Такие исследования не нашли бы ни одной клиники, ни опытного руководителя, ни
охваченных энтузиазмом ассистентов, ни поддержки общественных фондов; они не
вызвали бы всеобщей дискуссии, соперничества, не нашли бы широкого общественного
признания. Ученые, занимающиеся такой проблемой, не испытывали бы столь высокого
напряжения творческих сил, ощущения жизненной важности своего труда.
Этой общей атмосфере сопутствовал еще и особый настрой, идущий от древней идеи
изменений в крови сифилитиков. Если бы общественное мнение столь настойчиво не
взывало к необходимости проверки крови, эксперименты Вассермана никогда не нашли бы
такого резонанса, необходимого для дальнейшей разработки реакции, ее «технического
совершенствования», для концентрации коллективного опыта. Вассерман вначале работал
над проблемами серологической диагностики туберкулеза. Где были тогда
многочисленные энтузиасты проверочных экспериментов, доброжелательные amici
hostels[143] тысячекратные вариации дотошных конкурентов? Потому и немногое
получилось из этих работ. А ведь они были не хуже двух первых работ по сифилису,
которые также не были лишены недостатков, хотя их авторам и сотрудникам, работавшим
с ними, они казались впоследствии (уже после достигнутого успеха) совершенными.

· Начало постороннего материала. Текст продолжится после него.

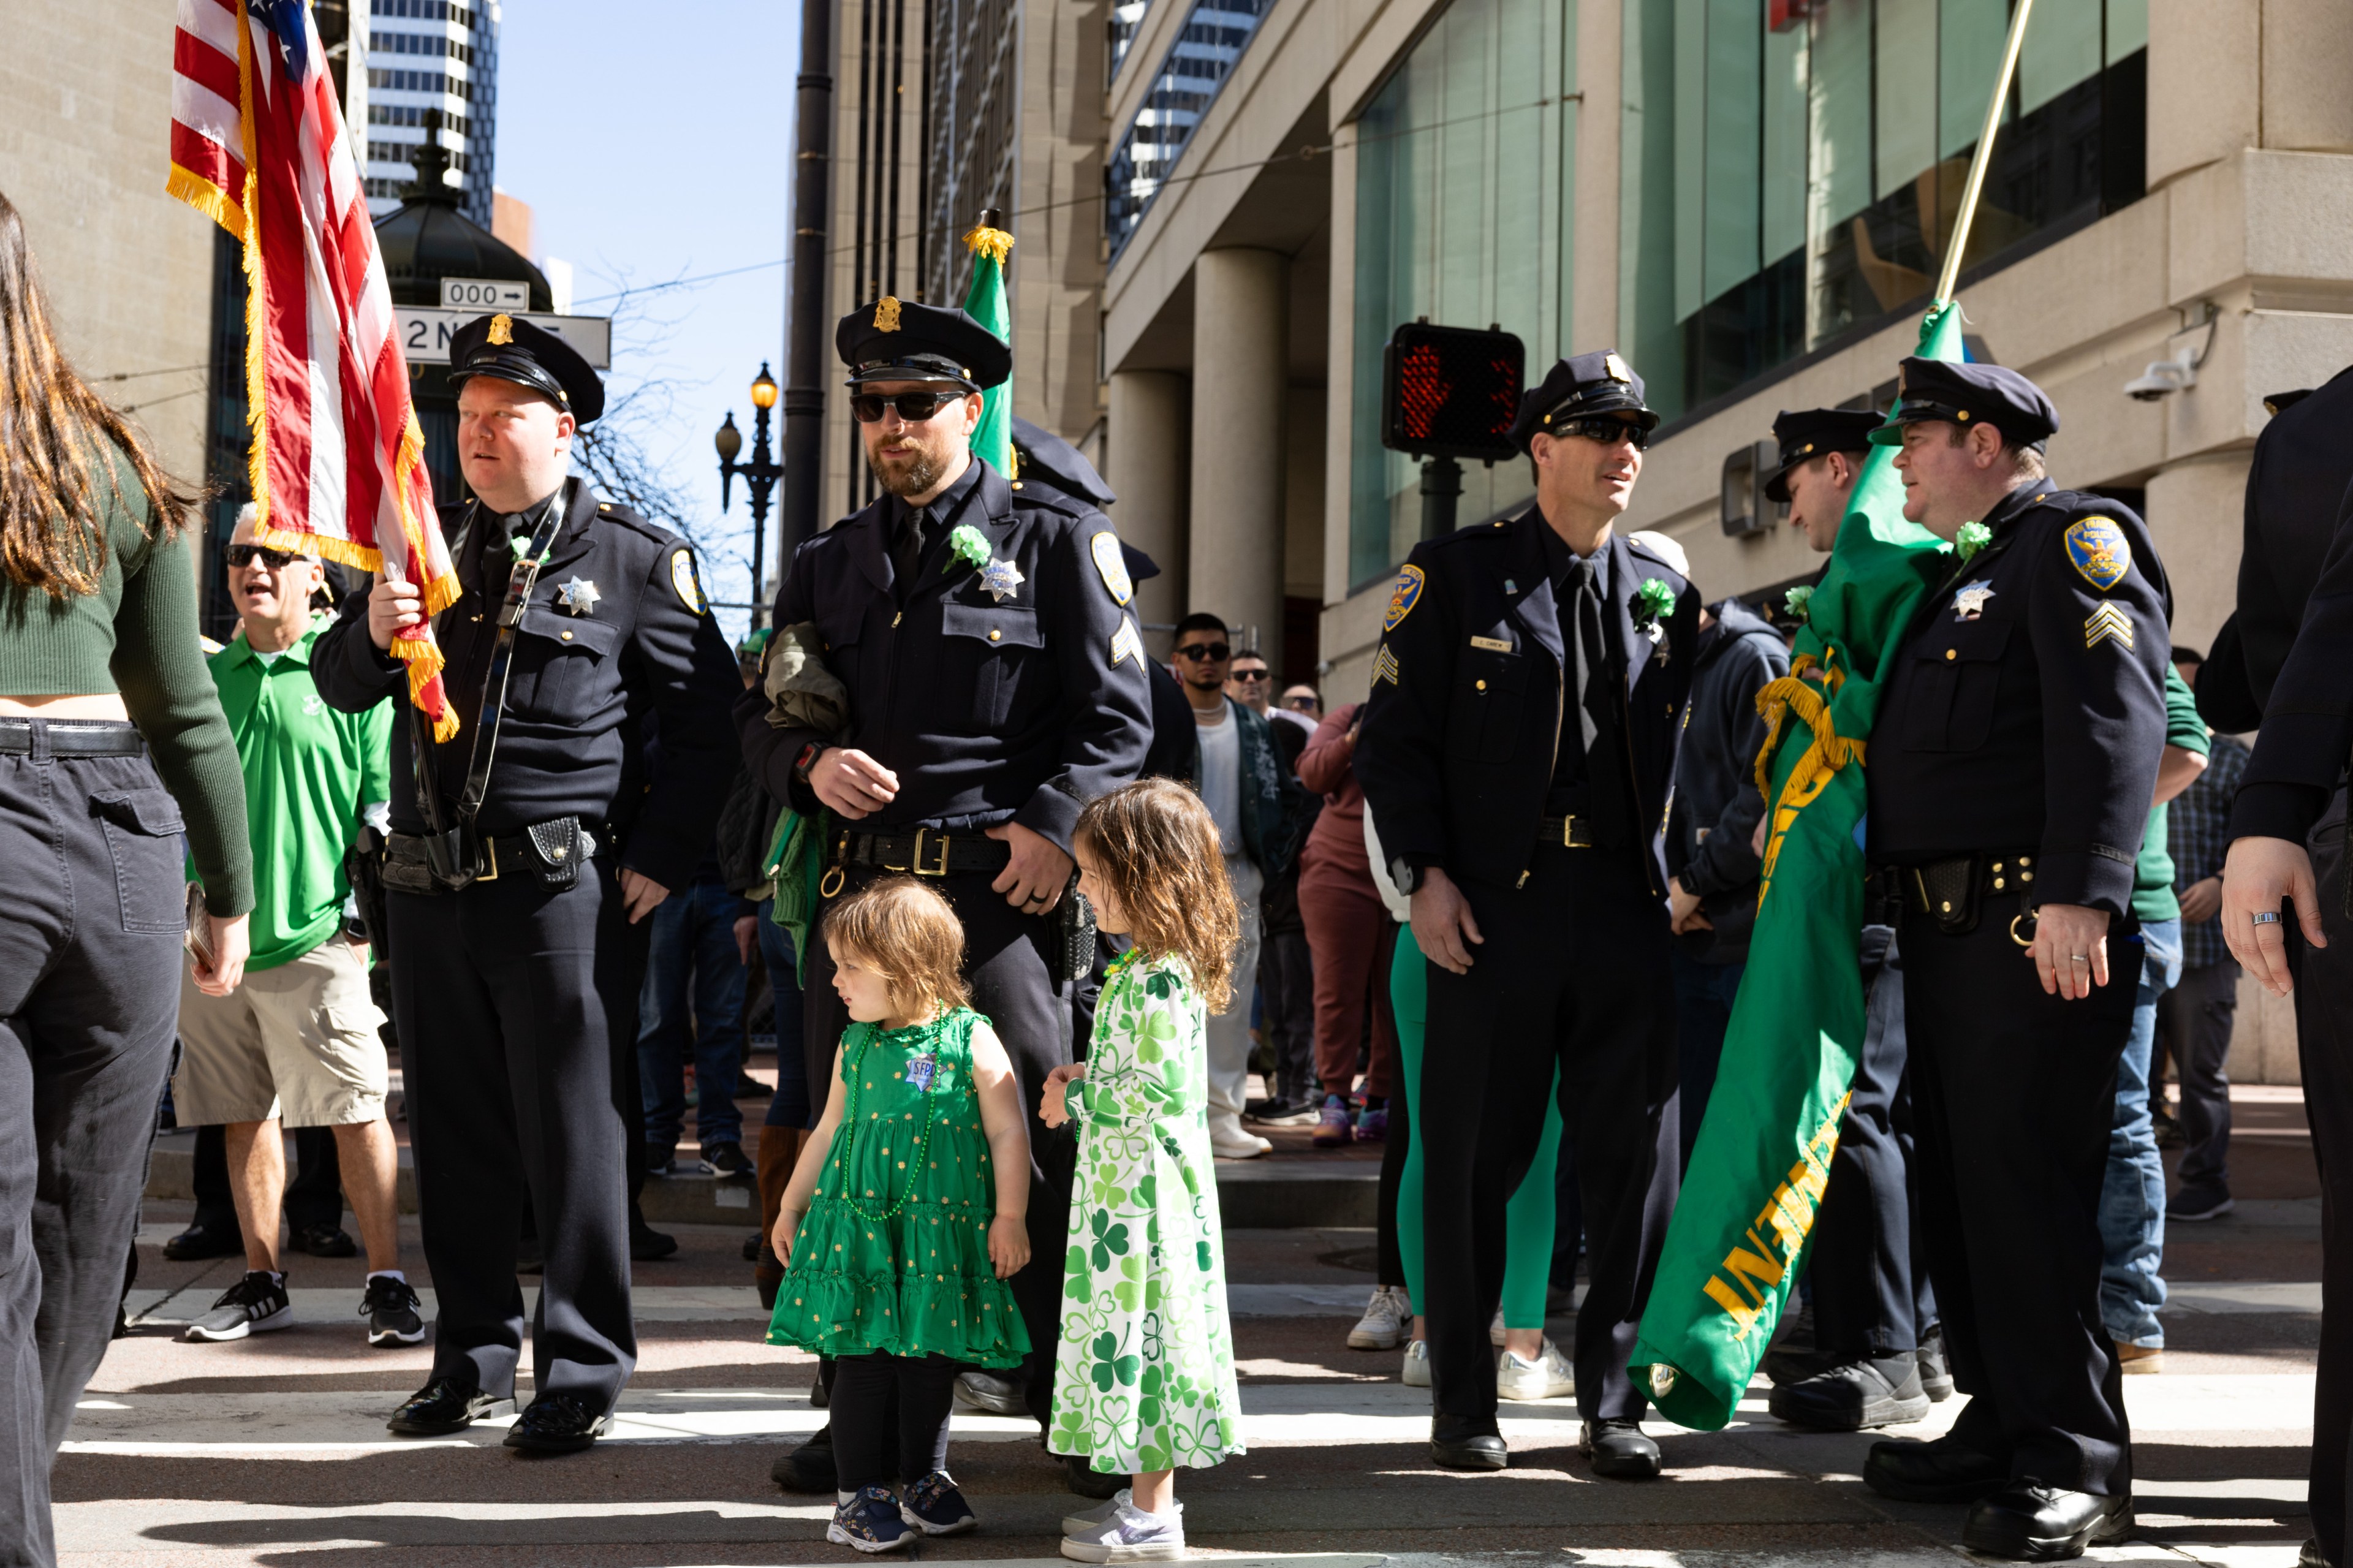 Police and children at the St. Patrick's Day Parade in San Francisco

Именно социальная атмосфера содействовала сплочению мыслительного коллектива,
участники которого, постоянно сотрудничая и взаимодействуя друг с другом, смогли
провести экспериментальную работу, в результате которой возникла «реакция
Вассермана», а вклад каждого из них остался в значительной степени анонимным. Был
оставлен поиск антигена, а количество позитивных результатов возросло с 15–20 % до
70–90 %. Результаты стали более стабильными, объективными. Усилиями мыслительного
коллектива реакция Вассермана стала эффективным диагностическим средством, а после
введения спиртовых вытяжек — не только эффективным, но и практичным. Этот же
коллектив добился унификации технической стороны дела, используя для этого почти
исключительно социальные методы: организацию конгрессов, пропаганду в прессе, а
также администрирование и законодательство.

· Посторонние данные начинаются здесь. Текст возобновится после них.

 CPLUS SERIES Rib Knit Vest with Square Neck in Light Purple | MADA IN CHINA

То, что с точки зрения индивидуалистической гносеологии выглядит лишь
случайностью или чудом, с точки зрения коллективистской теории познания становится
легко объяснимым, если к тому же принять во внимание исключительно сильную
социальную мотивацию. Случайность — это когда камень попадает в точно
соответствующую ему по размерам лунку, но пыль, крутящаяся в воздухе, необходимо
проникает во все возможные поры, хотя каждая пылинка совершенно случайно
оказывается на том или ином месте.
Сама по себе лабораторная практика достаточно хорошо объясняет, почему вначале
спирт, а затем ацетон заменили воду в процессах получения вытяжек и почему здоровые
органы стали использоваться для этой цели наряду с пораженными сифилисом. Многие
исследователи выполняли подобные эксперименты почти в одно и то же время, но
настоящим их автором является коллектив исследователей, работавших как одна
команда.
Быть может, сравнение поможет понять, как из неясных первоначальных
экспериментов, из множества ошибок и ложных ходов возникает истинное познание. Как
получается, что все реки в конце концов попадают в море, хотя поначалу текут совсем
не в ту сторону и делают всевозможные повороты и зигзаги? Нет никакого «моря самого
по себе», а есть определенное место в низине, где и собираются воды, которые
называют морем! Если в реке достаточно воды и если есть гравитационное поле, все
реки в конце концов приходят к морю. Гравитационное поле — это общий настрой,
определяющий направление мысли, вода — труд всего мыслительного коллектива.
Неважно, куда течет каждая отдельная капля в любой данный момент: конечный
результат зависит от общего направления гравитации.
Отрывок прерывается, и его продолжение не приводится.